Here's the question you clicked on:
haterofmath
find the the rate of change dy/dx where x=x0
\[y=-17; x _{0}=3\]
If the function is the constant function y = -17, then the derivative of it (dy/dx) is simply 0. The derivative of any constant is "0". Remember that "derivative" means "the change y with respect to x" in this case. If y = -7 at all points, then it never changes with respect to x. Therefore, the change is 0.
so what do you do with the 3
there has to be more to this question which you have not given us
if the equation for y is simply: y = -17 .. then daru is correct.
sorry wrong problem \[y=6-2x; x_{0}=3\]
first step, is to take the derivative of y, but the method of that step differs depending on how youre spose to go about it. there is a first principals method, and the derivative rules method.
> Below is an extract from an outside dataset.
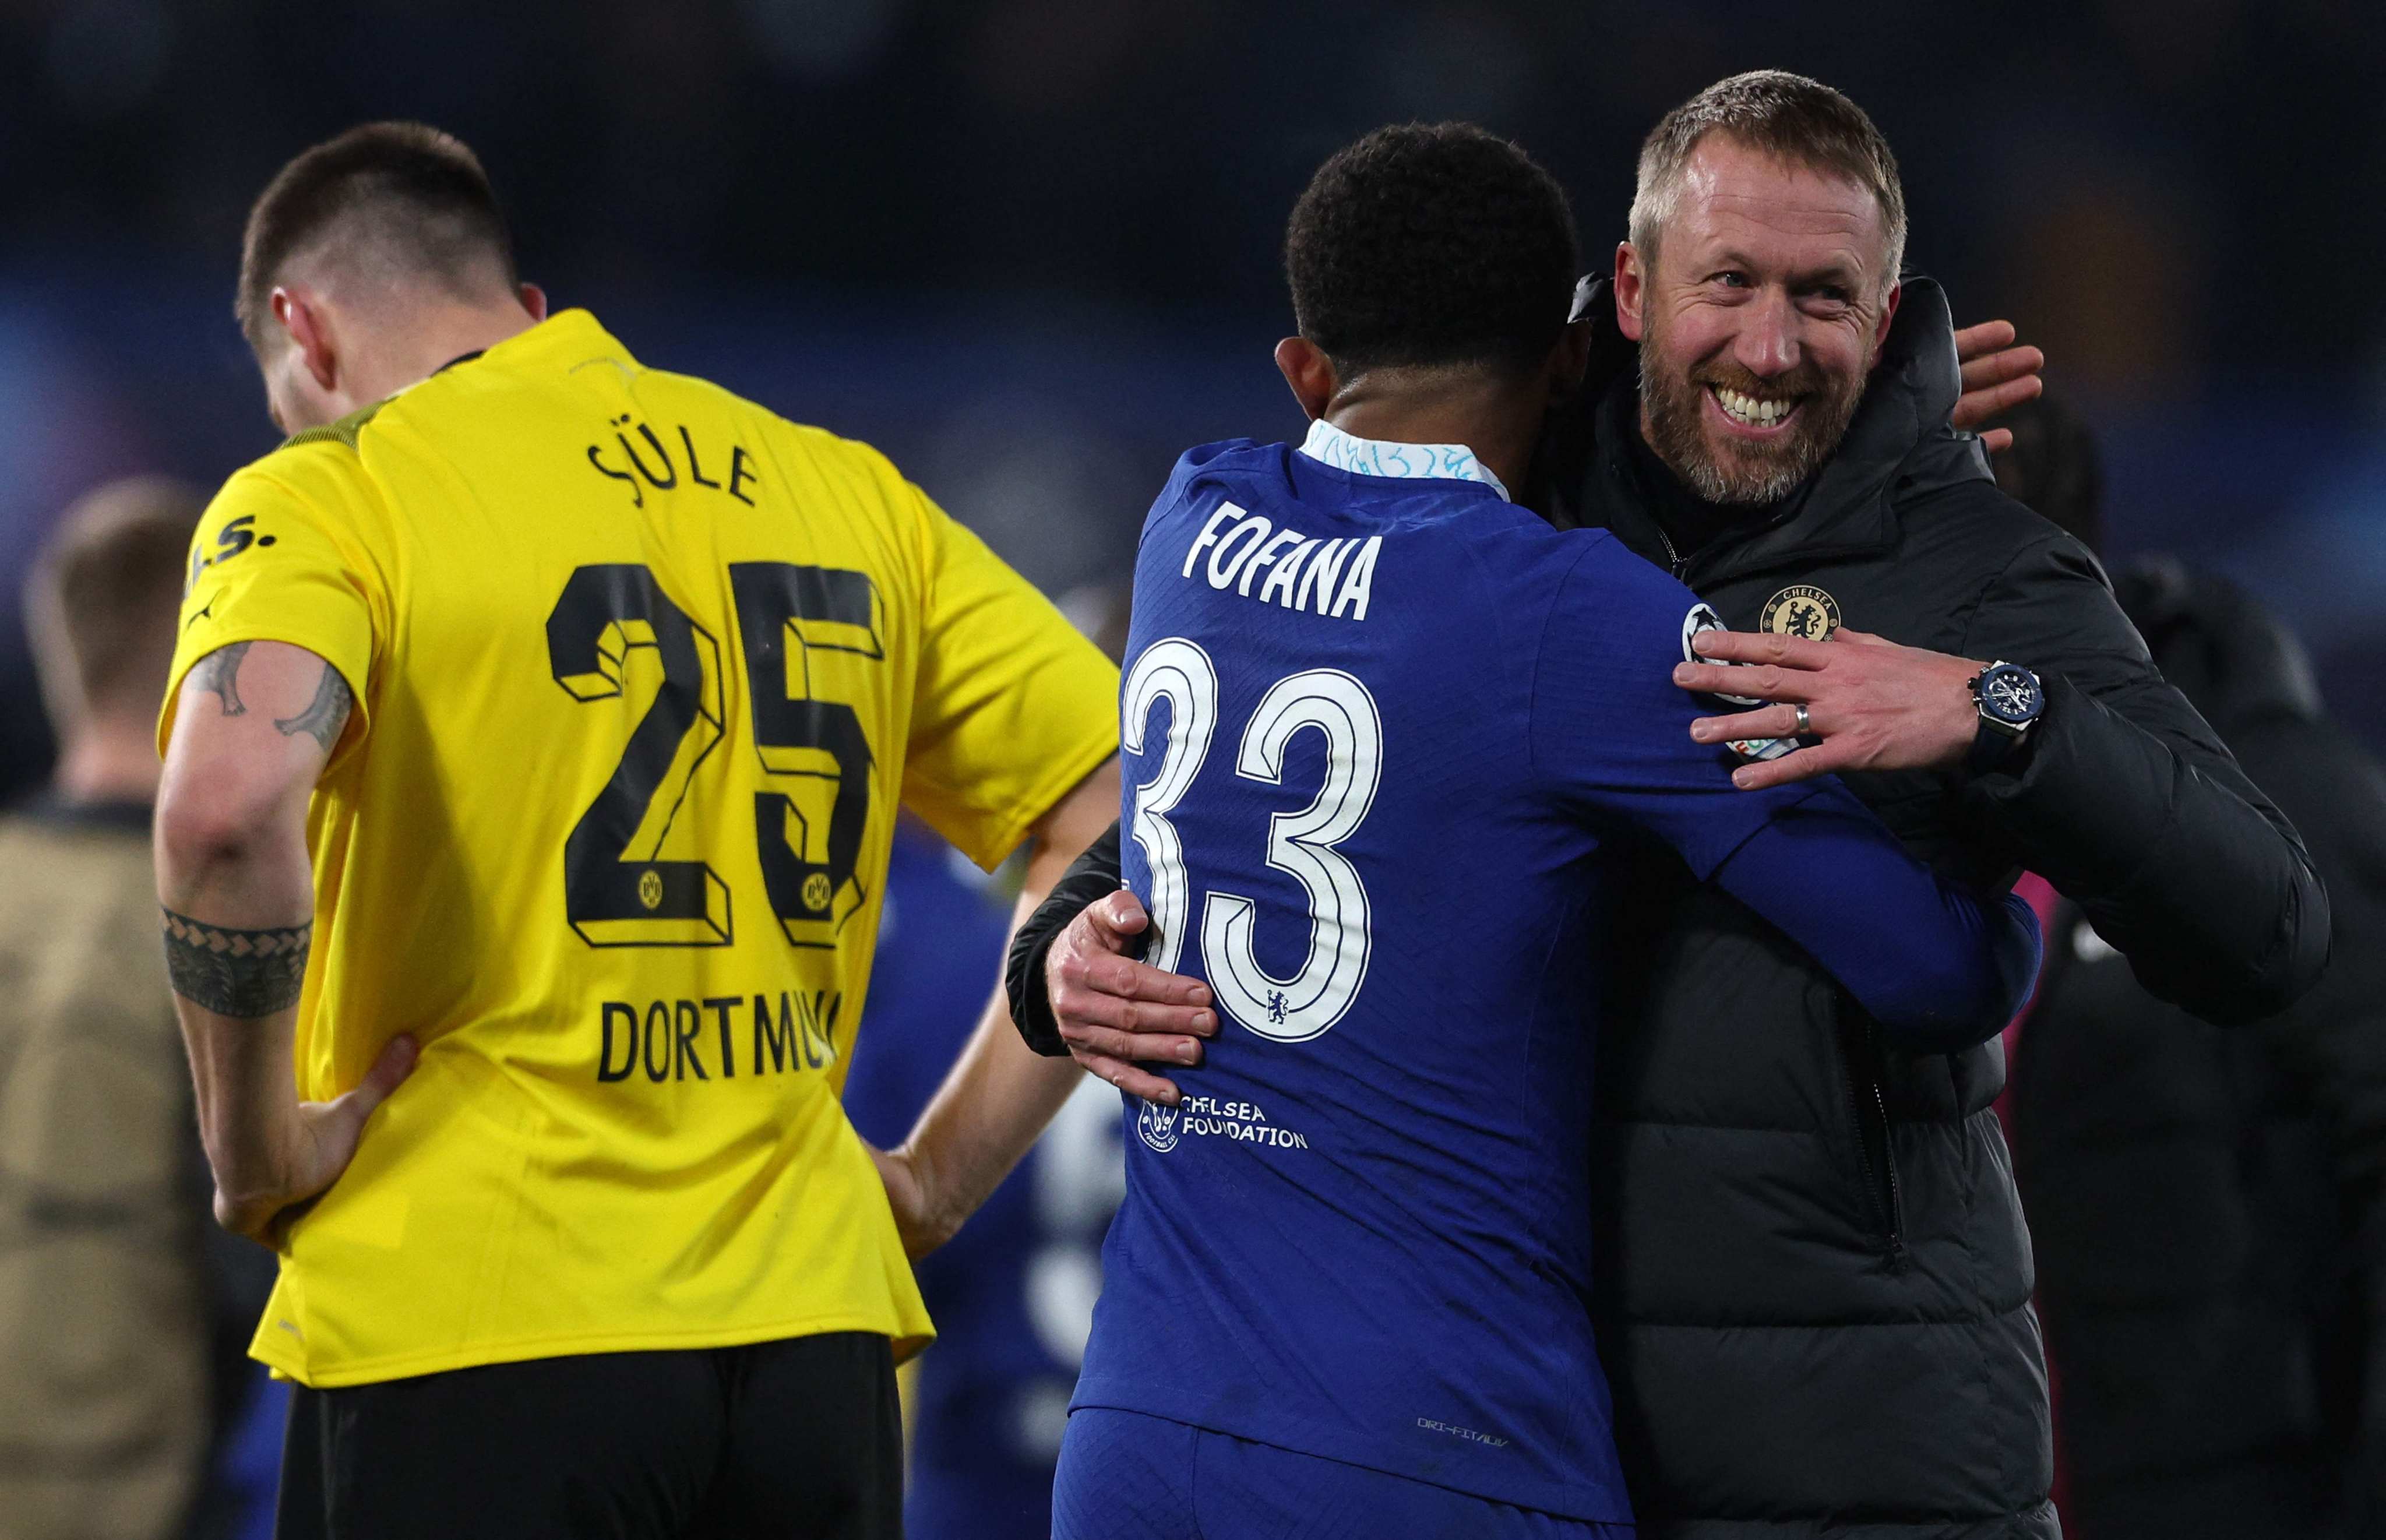 Chelsea head coach Graham Potter celebrates with defender Wesley Fofana after their Uefa Champions League round of 16 second-leg win against Borrusia Dortmund at Stamford Bridge. Photo: AFP
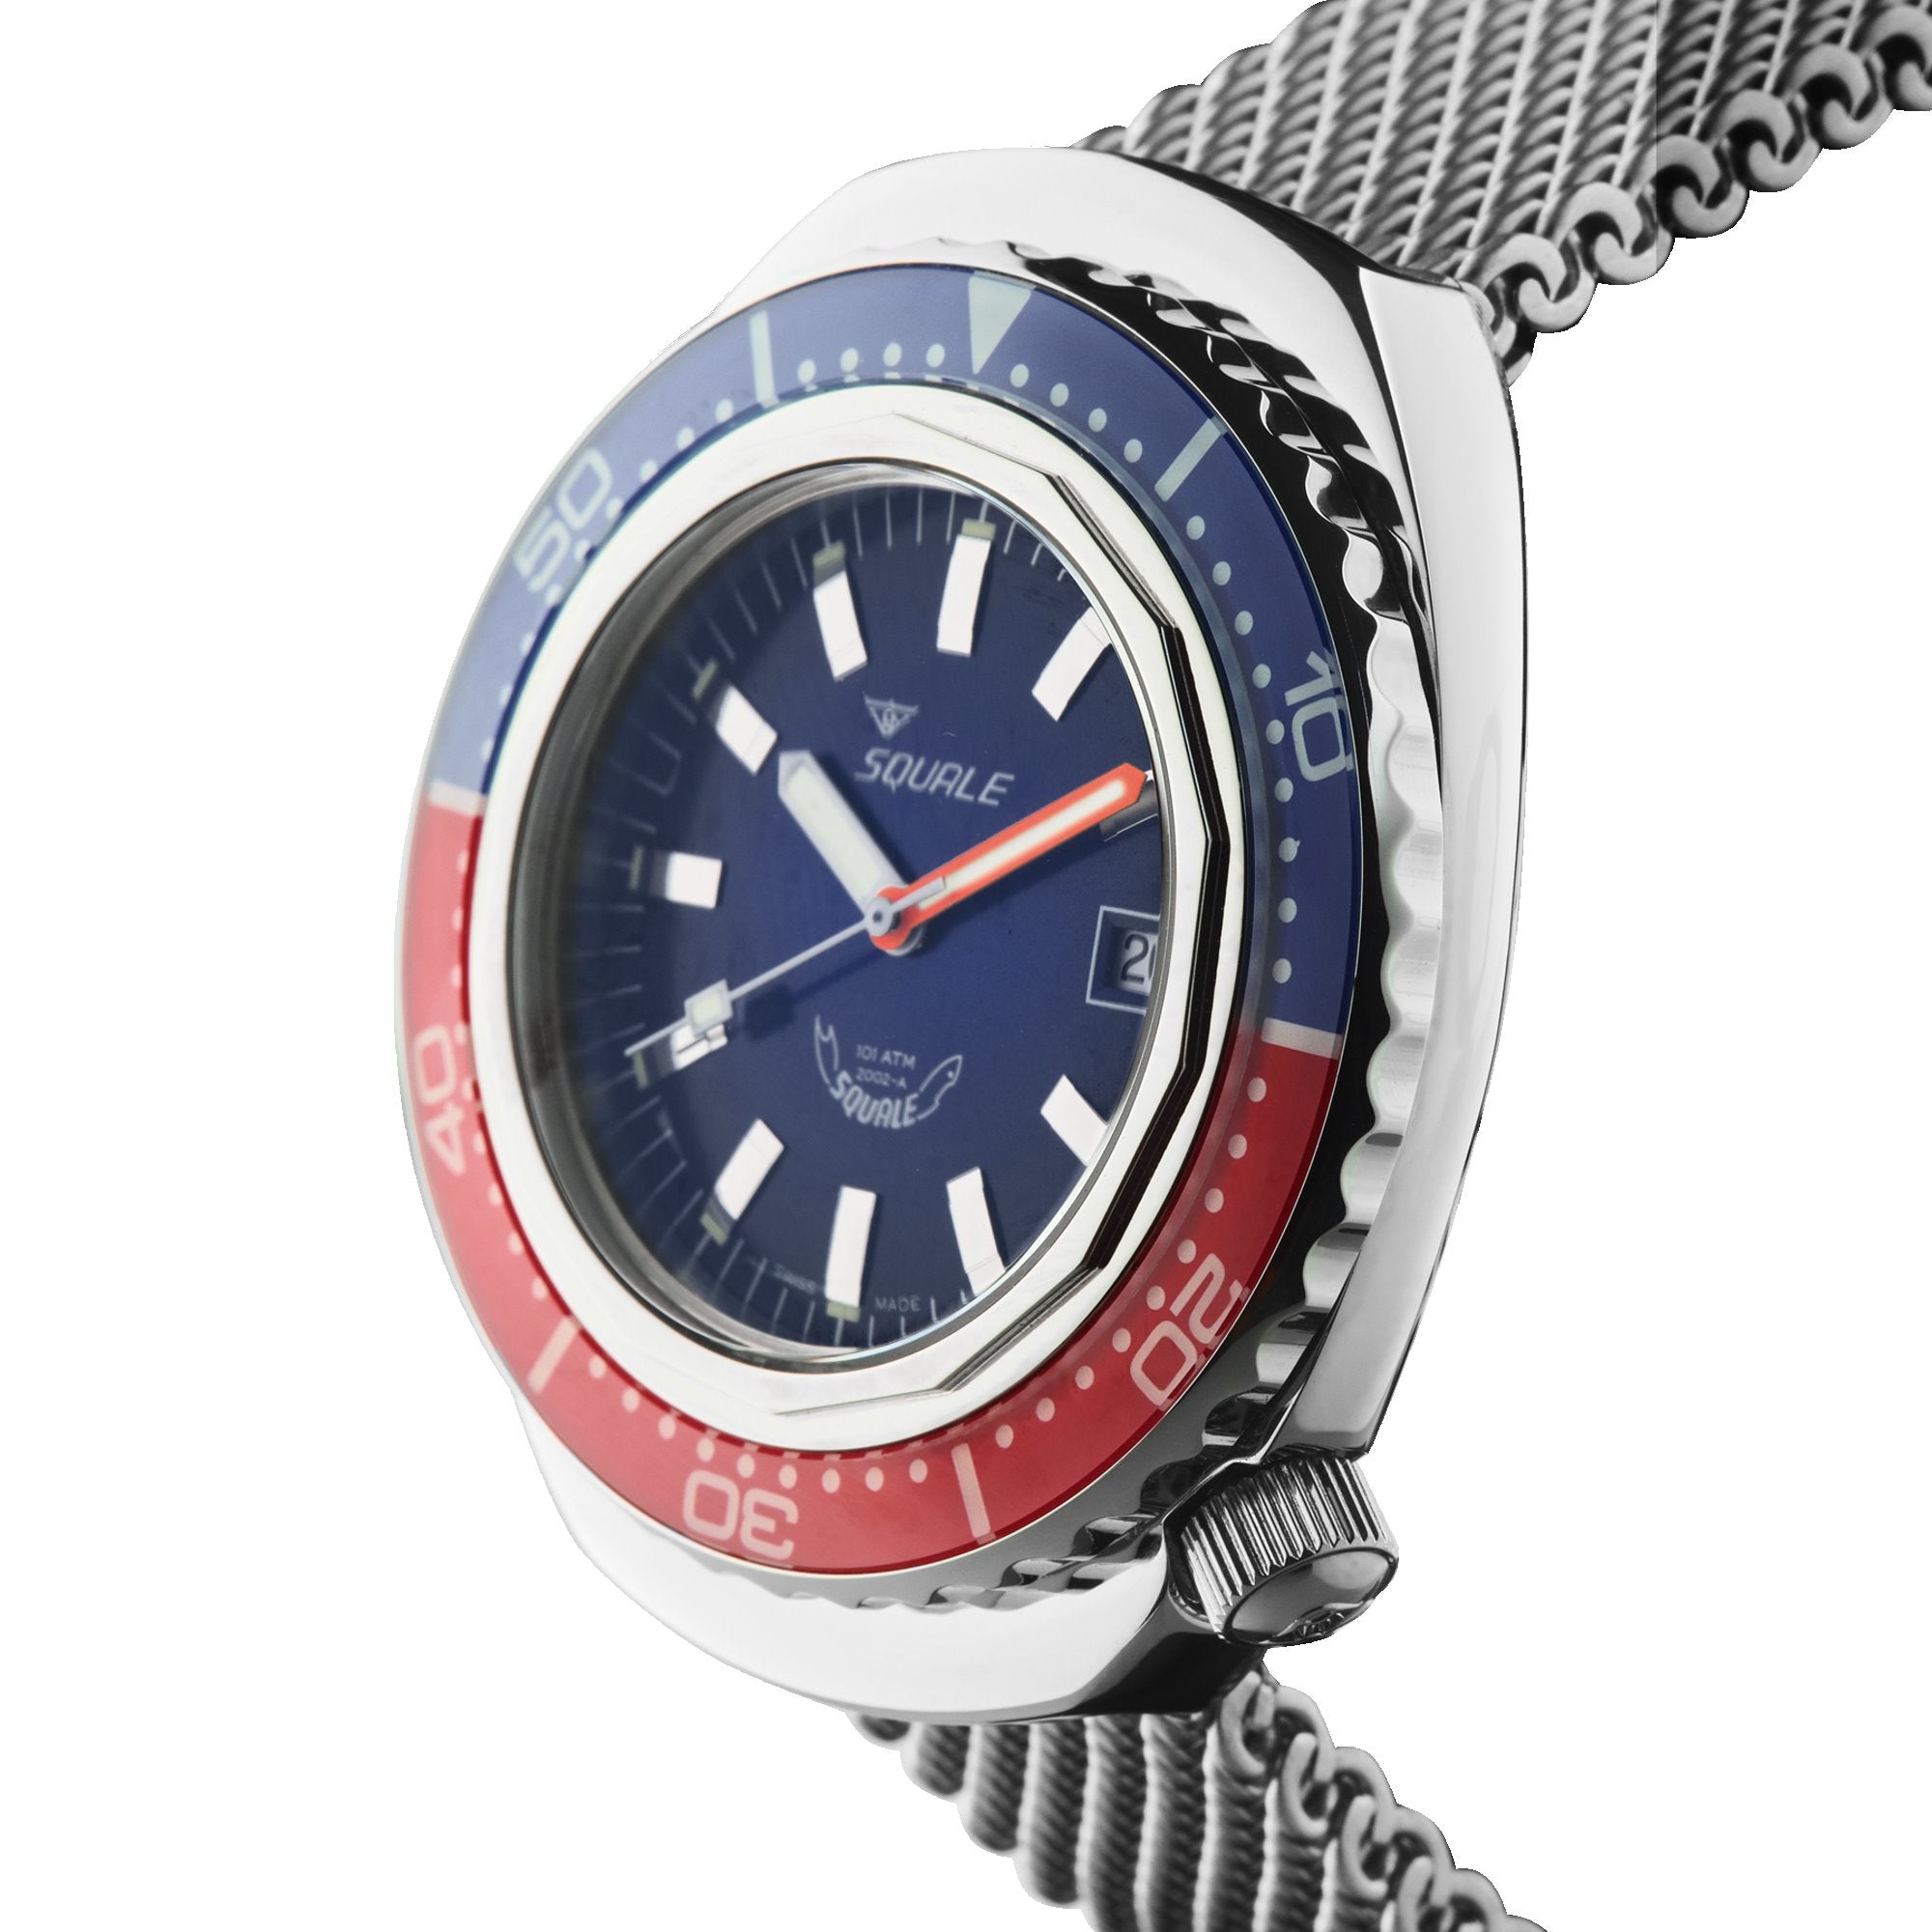 SQUALE 2002 - BLUE RED

Which method have you been doing in your lessons?
derivative rules are much easier to work with then; what derivative rule would you say can apply to this question?
wouldn't the derivative be 2
almost, that negative sign (subtraction) needs to be recognized :) y= 6 - 2x y' = 6' - (2x)' = 0 - 2
now, since there is no place to plug in the value of x in the derivative; the value of the derivative at ANY point is: -2
/so how do you find that slope of tangent after taking the derivative?
the value of the derivative DEFINES the slope of the tangent at a given point.
in this case, 6 - 2x is a straight line whose sloe is -2 at all points
so in a problem such as f(x)=5x-3 the slope of the line that is tangent is 5?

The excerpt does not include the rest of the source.